## Provided data
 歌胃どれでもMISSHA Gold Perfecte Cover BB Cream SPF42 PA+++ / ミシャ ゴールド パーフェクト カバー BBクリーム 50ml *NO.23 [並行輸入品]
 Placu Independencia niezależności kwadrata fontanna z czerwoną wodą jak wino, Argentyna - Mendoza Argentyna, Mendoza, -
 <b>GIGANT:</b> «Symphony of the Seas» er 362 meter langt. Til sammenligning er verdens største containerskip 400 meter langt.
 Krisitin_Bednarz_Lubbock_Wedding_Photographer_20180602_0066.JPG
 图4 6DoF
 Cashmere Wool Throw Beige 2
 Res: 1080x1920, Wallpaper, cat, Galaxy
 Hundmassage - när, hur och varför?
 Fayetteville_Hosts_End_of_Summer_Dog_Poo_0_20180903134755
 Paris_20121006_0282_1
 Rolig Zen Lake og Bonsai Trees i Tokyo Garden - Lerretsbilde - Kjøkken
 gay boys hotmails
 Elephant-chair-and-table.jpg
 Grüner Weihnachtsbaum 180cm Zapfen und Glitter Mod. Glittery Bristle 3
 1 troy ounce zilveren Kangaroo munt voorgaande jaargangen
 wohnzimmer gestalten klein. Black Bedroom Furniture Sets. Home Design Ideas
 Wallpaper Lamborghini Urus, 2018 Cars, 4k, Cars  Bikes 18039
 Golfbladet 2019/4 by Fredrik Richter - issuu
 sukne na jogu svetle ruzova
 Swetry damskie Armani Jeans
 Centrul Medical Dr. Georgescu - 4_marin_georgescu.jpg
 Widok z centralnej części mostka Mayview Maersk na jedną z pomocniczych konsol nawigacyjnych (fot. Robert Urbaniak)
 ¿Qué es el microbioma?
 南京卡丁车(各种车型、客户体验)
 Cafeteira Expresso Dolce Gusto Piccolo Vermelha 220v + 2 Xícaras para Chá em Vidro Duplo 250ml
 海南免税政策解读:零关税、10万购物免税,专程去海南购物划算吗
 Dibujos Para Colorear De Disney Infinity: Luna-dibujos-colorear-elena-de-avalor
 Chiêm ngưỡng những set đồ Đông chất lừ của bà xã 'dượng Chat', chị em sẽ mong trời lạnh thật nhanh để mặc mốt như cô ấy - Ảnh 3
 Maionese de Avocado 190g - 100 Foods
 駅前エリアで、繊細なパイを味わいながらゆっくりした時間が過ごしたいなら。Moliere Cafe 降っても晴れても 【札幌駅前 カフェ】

## Your instructions
Where the string "Wallpaper" shows up in the listing above, copy the line that holds it.

## Task output
 Res: 1080x1920, Wallpaper, cat, Galaxy
 Wallpaper Lamborghini Urus, 2018 Cars, 4k, Cars  Bikes 18039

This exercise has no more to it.